The attorney, along with Councilwoman Kathee Burke-Gonzalez, the town board’s liaison on airport matters, met with several groups on Monday. It was followed by a presentation at a town board meeting Tuesday about the requirements for the application process, known as a Part 161 procedure.

 Complaints about aircraft noise rose sharply so far this year, showing a 133-percent increase from January through July this year, although the number of takeoffs and landings in that period were about the same as in 2016. This year, from January through July, 30,821 complaints were lodged, compared to 13,234 complaints for all of 2016. However, because of the way some complaints are filed, it is impossible to determine how many individuals or households filed the complaints, Mary Ellen Eagan, a consultant, said this week.

In order to gain approval from the F.A.A. to restrict aircraft traffic, the town would have to meet a number of requirements under the federal Airport Noise and Capacity Act, which was instituted to ensure standardization of noise restrictions at airports nationwide, The law requires that proposed regulations comply with six standards: that restrictions are reasonable, nonarbitrary, and nondiscriminatory, that they do not create an unreasonable burden on interstate or foreign commerce or burden other airports, that they do not impede safety or conflict with the law, and that there has been sufficient public comment and involvement. Proposed restrictions would be developed by the town board in consultation with its airport advisers and the public over the coming months if the application process gets underway.
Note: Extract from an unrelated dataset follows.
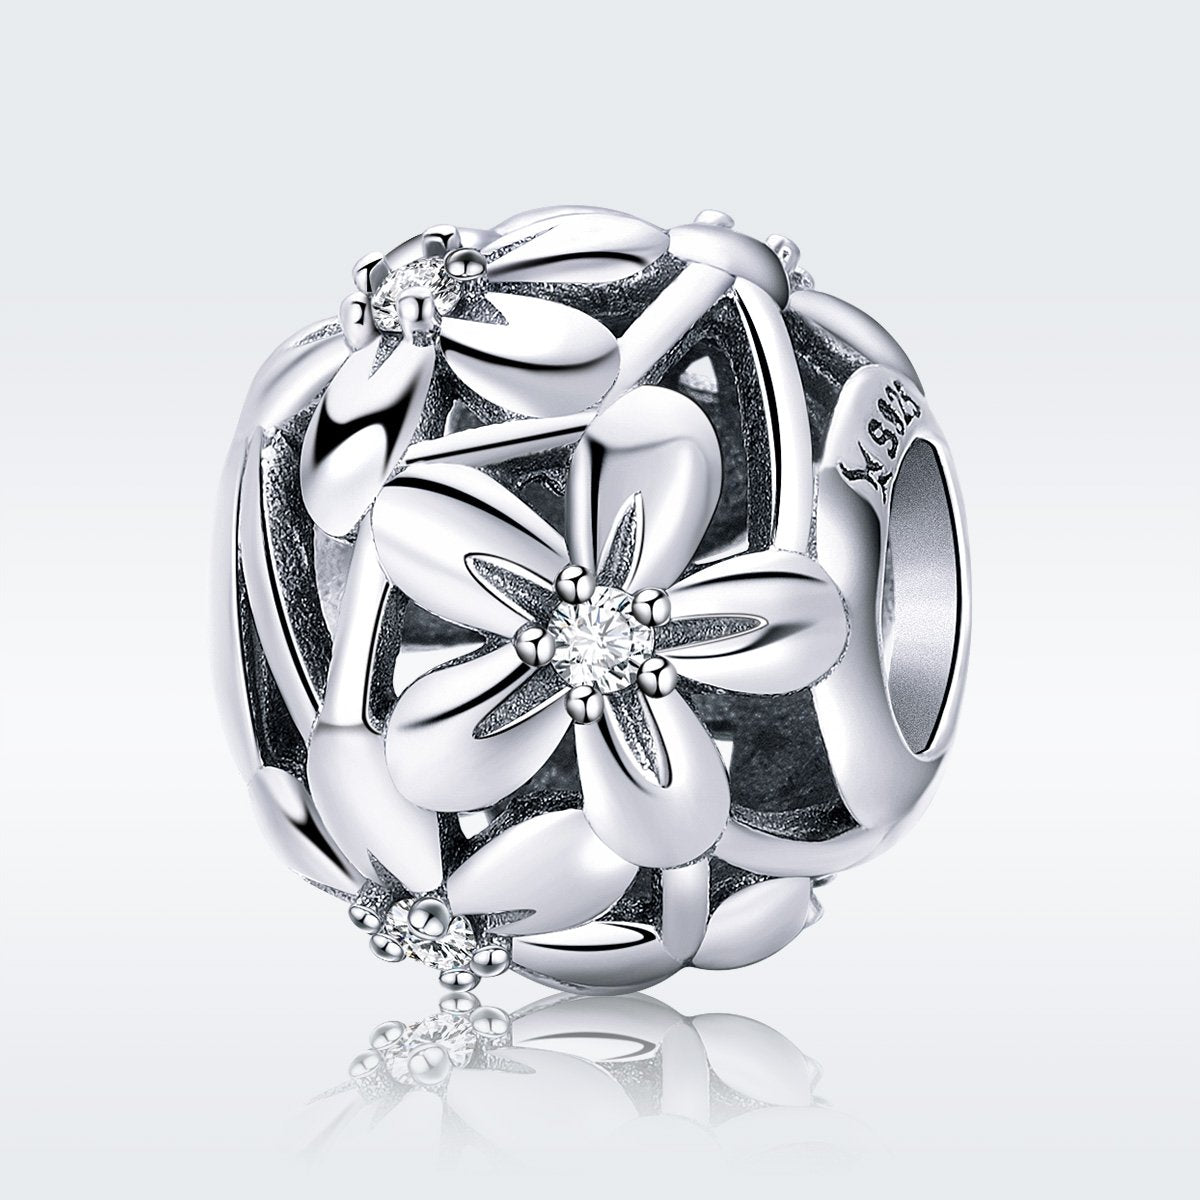 Sterling 925 silver charm the flower planet fits Pandora charm and European charm bracelet Xaxe.com

Overnight curfews are likely to be among the goals; in effect for two summer seasons before being overruled by the court, the town believes they were effective and generally accepted by the aviation community.

“The curfews worked,” Ms. Burke-Gonzalez said on Tuesday, “but we need to find something that would get us [able to limit] frequency. That’s the other piece of the puzzle.” A once-a-week limit on visits to the airport by noisy planes, adopted with the curfews in 2015, was barred at the outset by the court after the aviation industry sued. Also to be decided would be which aircraft would be restricted, based on standardized ratings of how noisy they are, from Stage One (noisiest) through Stage Three (quietest).

Only seven airports have attempted to gain F.A.A. permission for local regulation under the federal law, known as ANCA, and none have attempted to regulate Stage Three aircraft, likely to be the focus of East Hampton’s effort. Of the seven, two of the completed Part 161 applications were denied, four were abandoned by the airport owners, and one — from Naples, Fla. — was approved, for Stage Two jets. Naples spent five years on the process at unknown cost. Because many aircraft, including helicopters, fall into the Stage Three category, Mr. O’Connor suggested that East Hampton target them. 

The two Part 161 applications that were fully reviewed and then denied by the F.A.A. were filed by Los Angeles International Airport and the Burbank-Glendale-Pasadena Airport, also in California. Ruling on these applications took 9 and 10 years and cost $3 million and $7 million, respectively.

While the outcomes of previous attempts might “seem to be very daunting and discouraging,” Mr. O’Connor said, the airports in question were “much larger commercial airports” with more extensive and complex issues to be considered.

“I want to emphasize some of the unique circumstances of this airport and this community,” the attorney said. East Hampton has the advantage of having already tracked and compiled reports on airport operations and noise complaints, he said. He noted that in a ruling regarding a mandated helicopter route along Long Island’s North Shore, the F.A.A. had acknowledged the validity of noise complaints as a legitimate problem caused by air traffic.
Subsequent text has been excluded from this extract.